= Provisional measure of protection =

Legal procedure to provide temporary relief until a case is decided upon its merits

A provisional measure of protection is the term that the International Court of Justice (ICJ, World Court) uses to describe a procedure "roughly equivalent" to an interim order (which can be either a temporary restraining order or a temporary directive order) in national legal systems. The order has also been termed in the press as preliminary measures. The carrying out of the procedure is termed indicating the provisional measure of protection. Requests for the indication of provisional measures of protection take priority over all other cases before the ICJ due to their urgency.

==History==

As of July 2018, the ICJ had dealt with 36 requests for the indication of provisional measures of protection (the number does not include multiple simultaneous versions of nearly-identical cases; it counts the "Legality of the Use of Force" cases once rather than ten times, but it includes multiple requests arising at different times in the same case by counting the 2004 Avena case twice). In 1989, that number was twelve.

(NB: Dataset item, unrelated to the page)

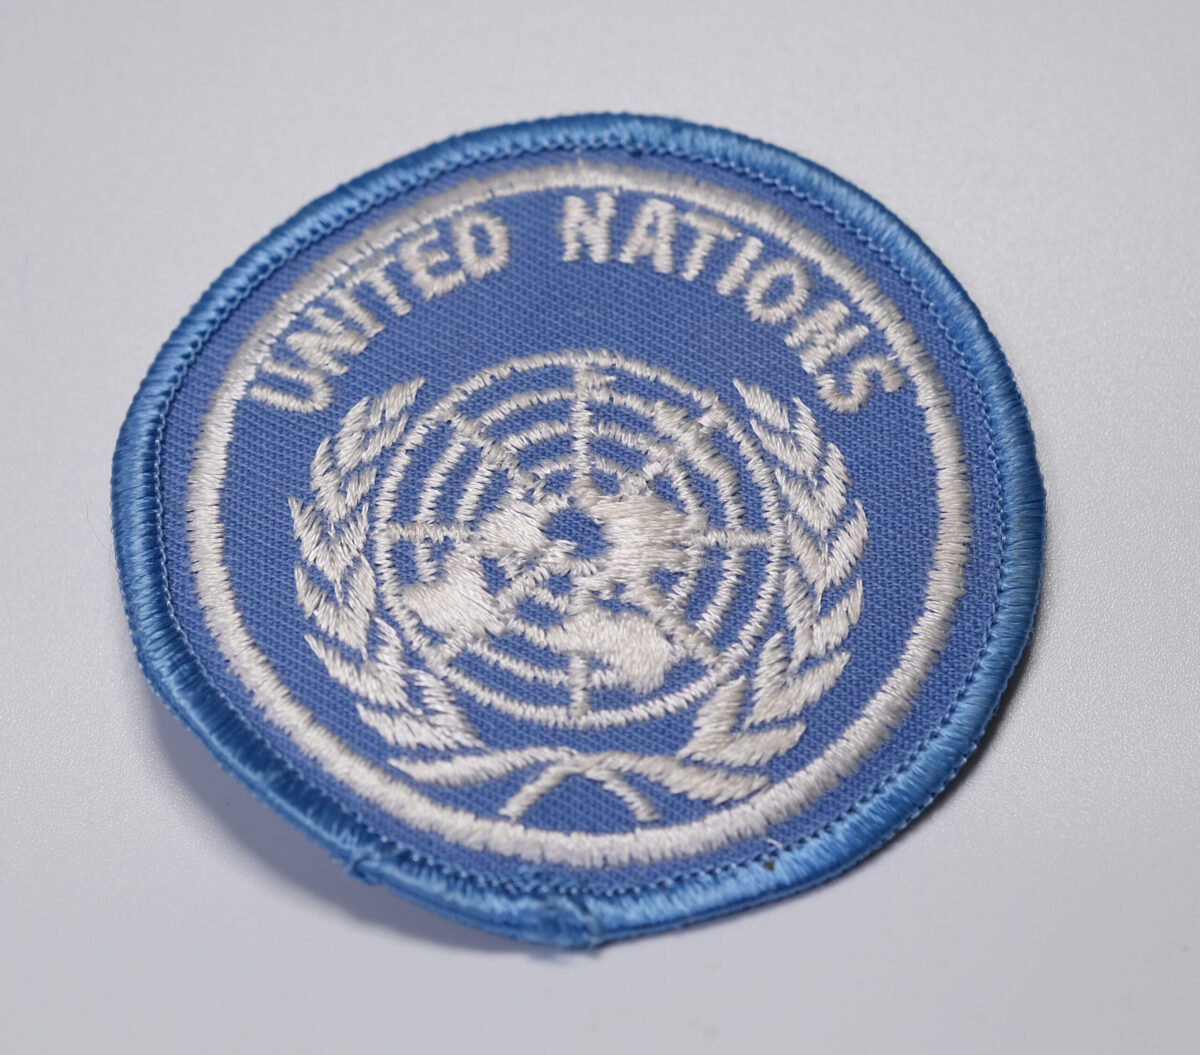 United Nations cloth badge

Some of the parties involved include Iran, Pakistan, the United States, Nicaragua, Burkina Faso, and Mali.

On August 13, 2008, during the 2008 South Ossetia War, Georgia submitted a request for the indication of provisional measures of protection. The request was approved by a vote of 8 to 7.

In January 2020, The Gambia successfully obtained an ICJ order for preliminary measures against Myanmar "to take urgent measures to protect its Muslim Rohingya population from persecution and atrocities, and preserve evidence of alleged crimes against them" under an enforcement of the 1948 Genocide Convention. The injunction had been registered with the Court some 60 days earlier. The 17-member court issued a unanimous decision. The final ruling might take years to be issued although the preliminary measures order called for the government of Myanmar to report its compliance within four months.